*** Opening Information provided ***

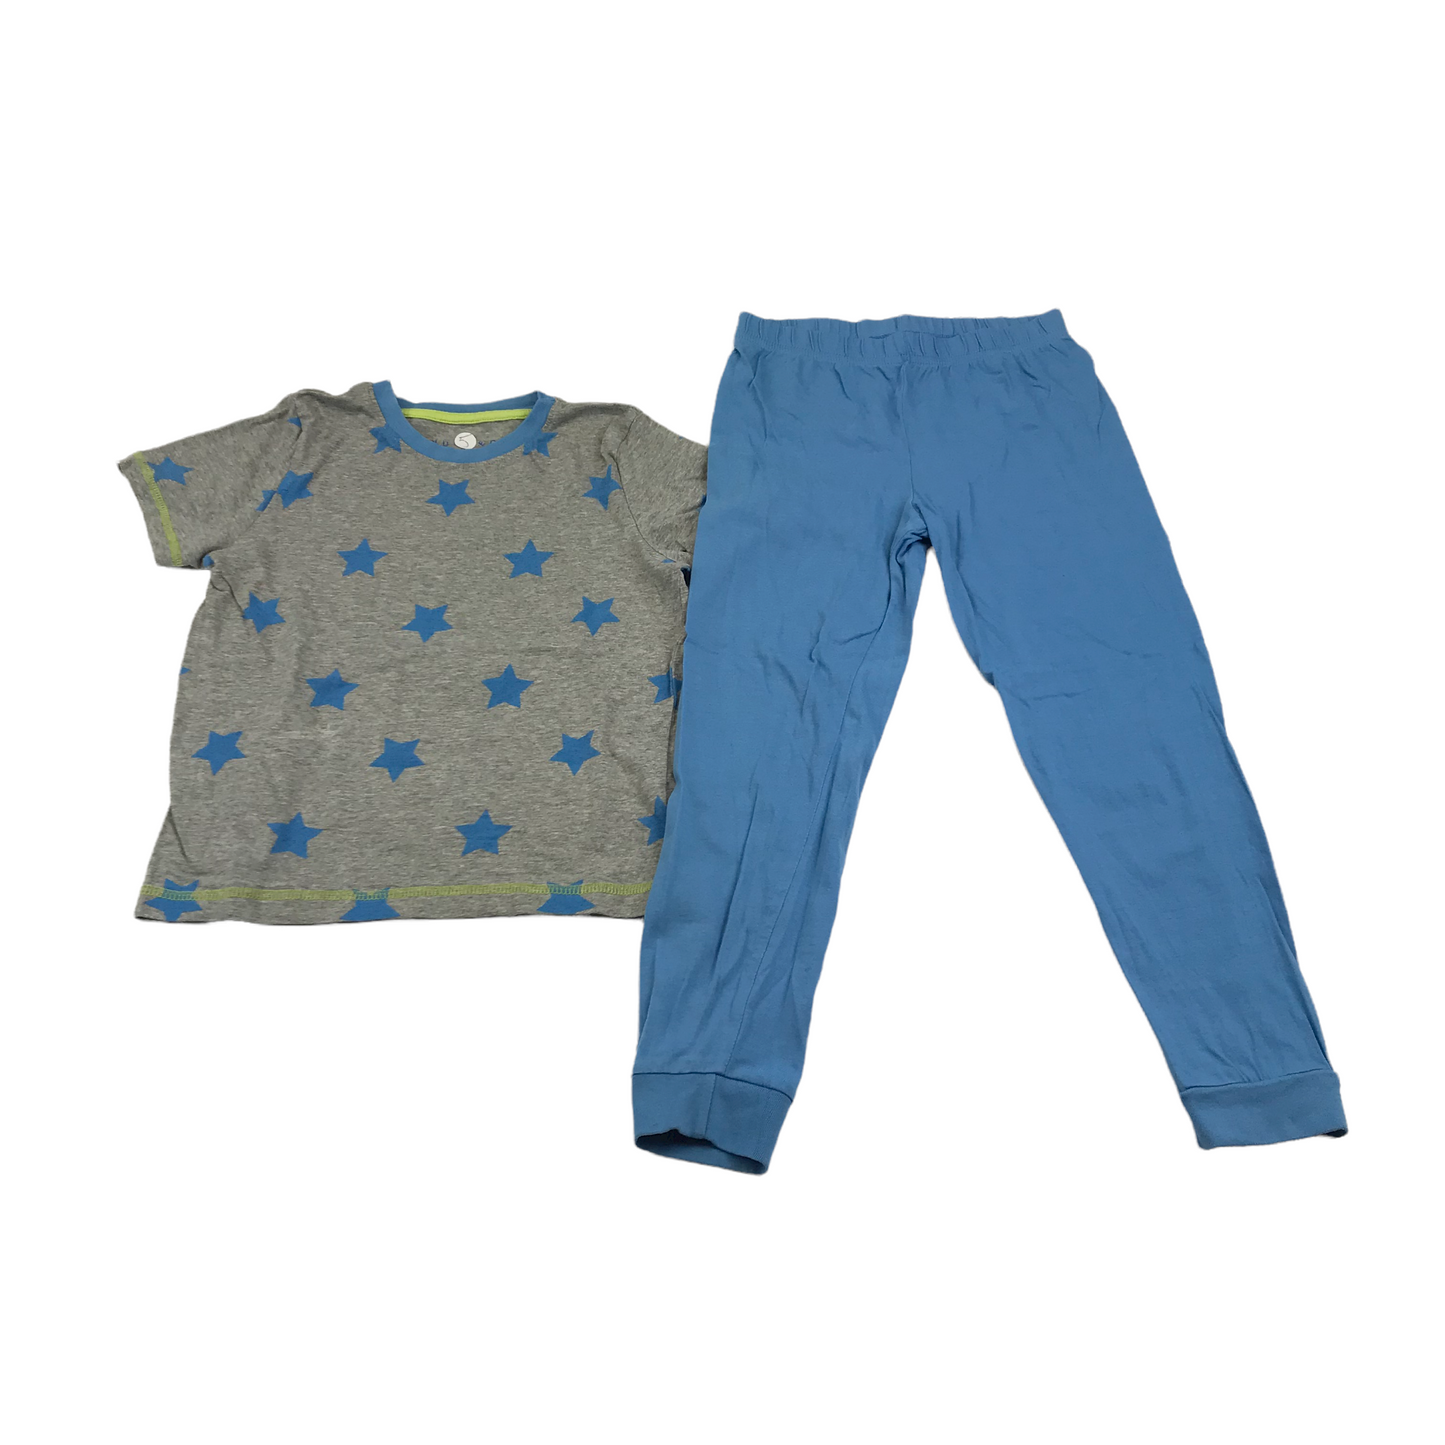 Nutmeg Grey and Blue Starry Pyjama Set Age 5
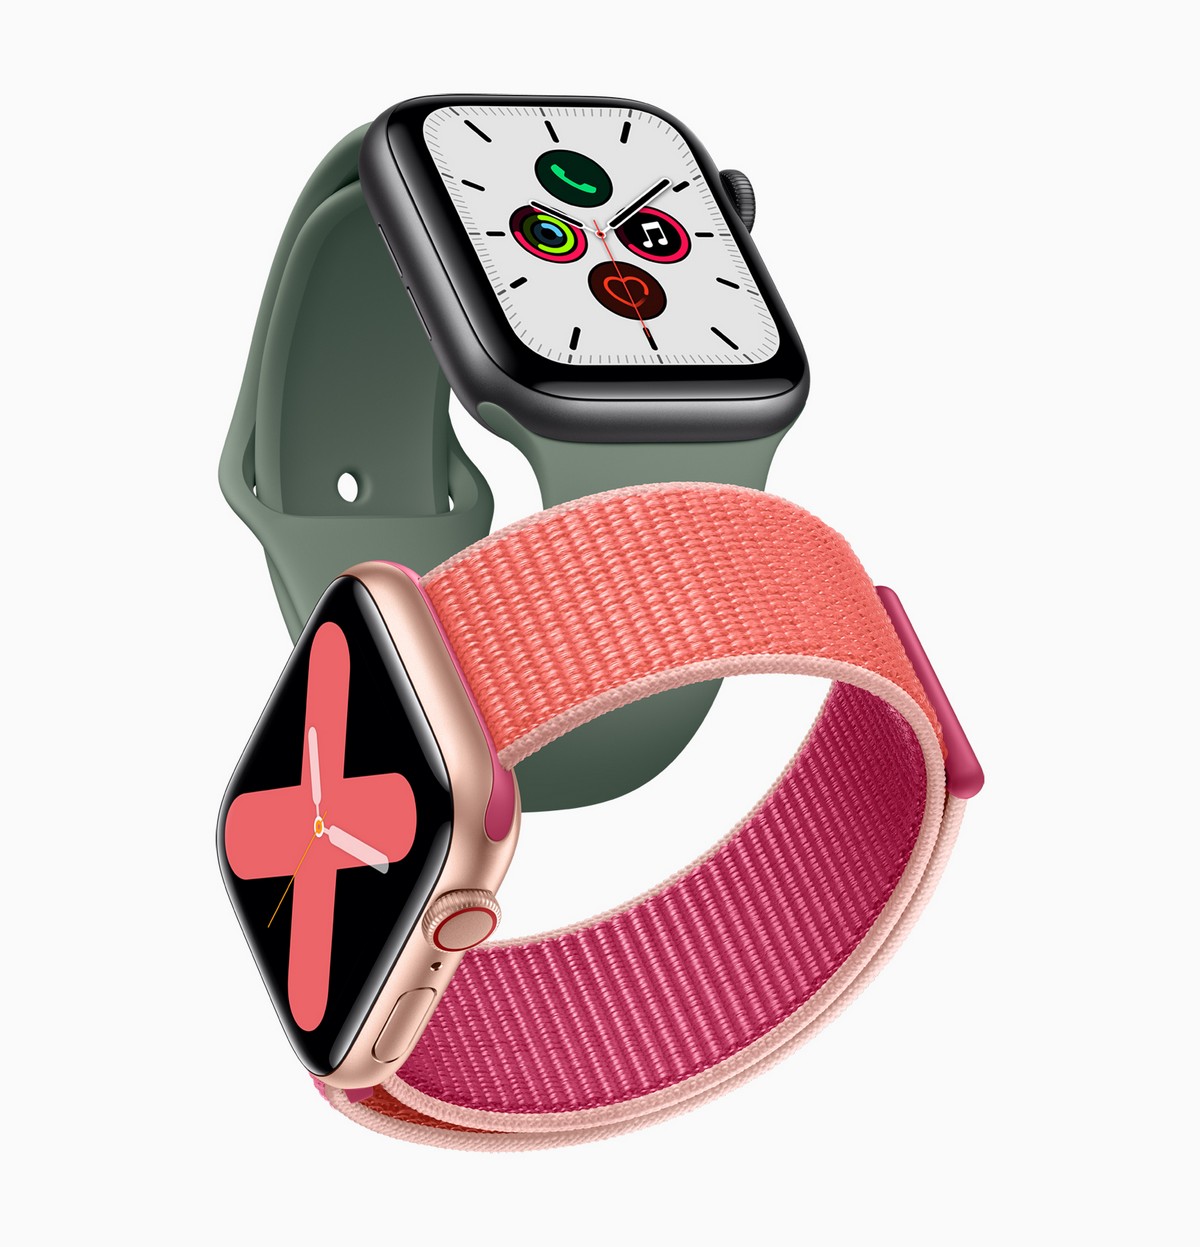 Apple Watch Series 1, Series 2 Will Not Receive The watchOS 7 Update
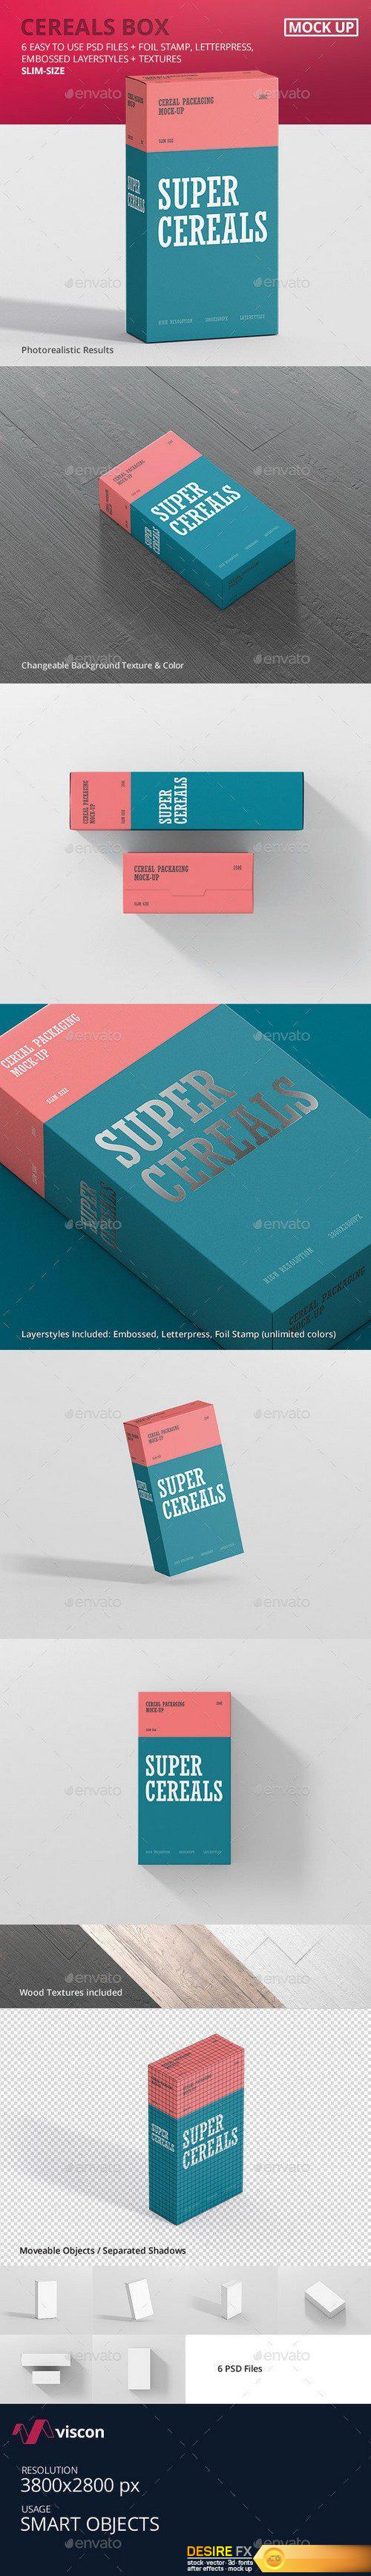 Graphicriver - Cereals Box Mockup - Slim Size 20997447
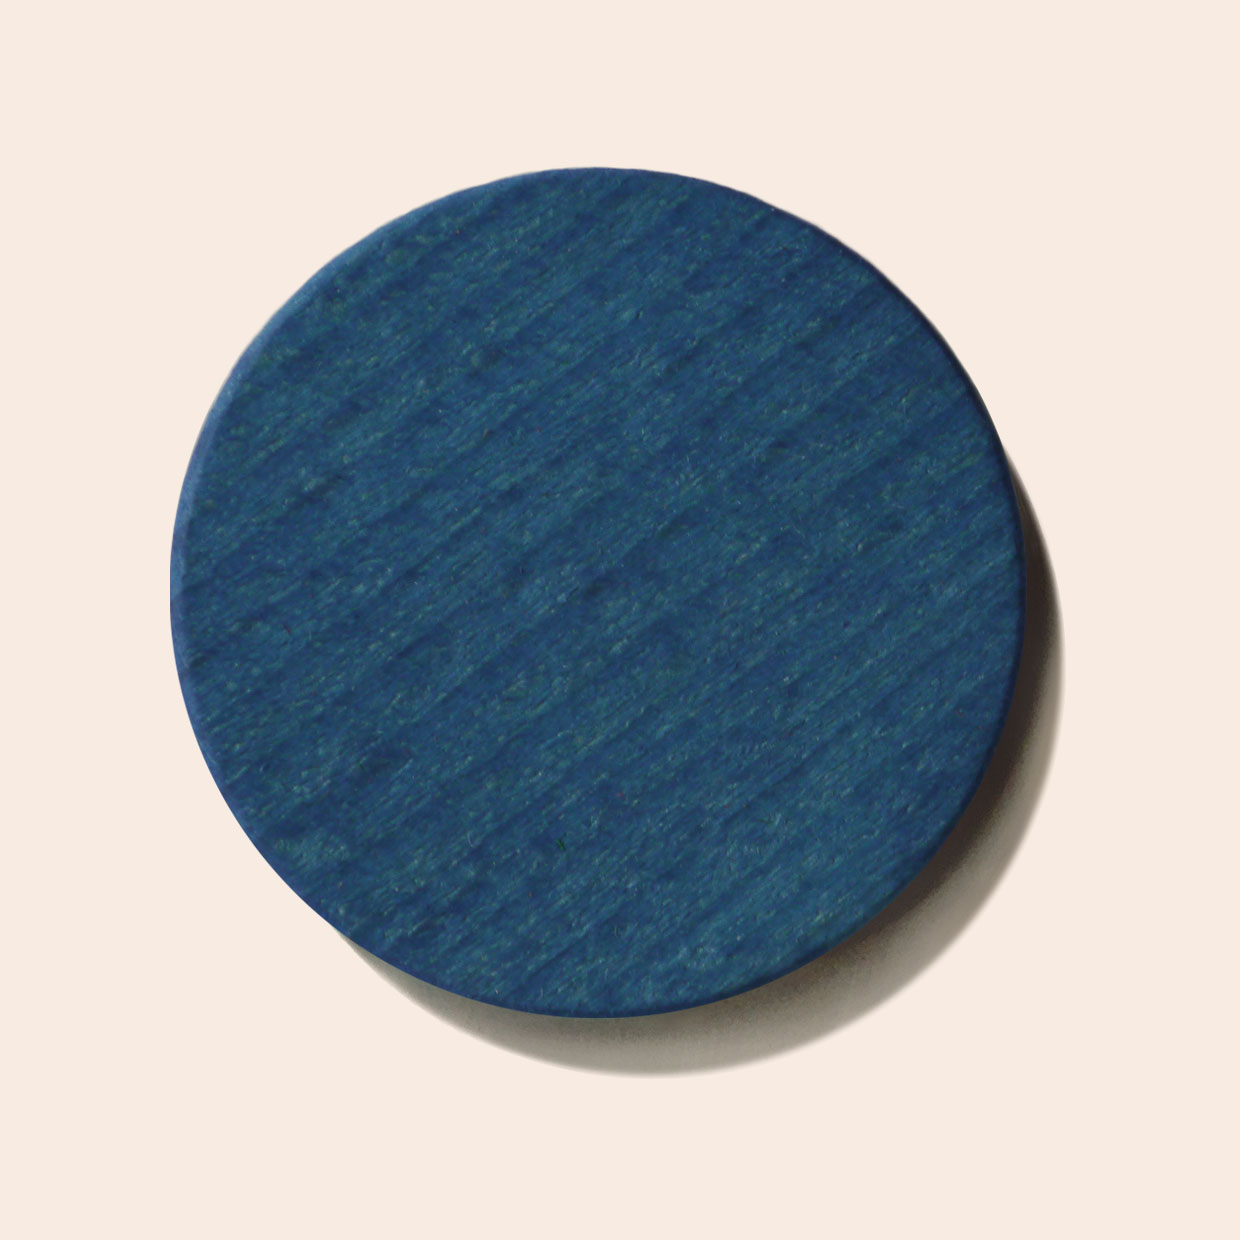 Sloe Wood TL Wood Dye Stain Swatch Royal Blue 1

*** Closing Information provided ***

Please write out all of the material above without changing a word, and omit any pictures.

 Nutmeg Grey and Blue Starry Pyjama Set Age 5
 Apple Watch Series 1, Series 2 Will Not Receive The watchOS 7 Update
 Graphicriver - Cereals Box Mockup - Slim Size 20997447
 Sloe Wood TL Wood Dye Stain Swatch Royal Blue 1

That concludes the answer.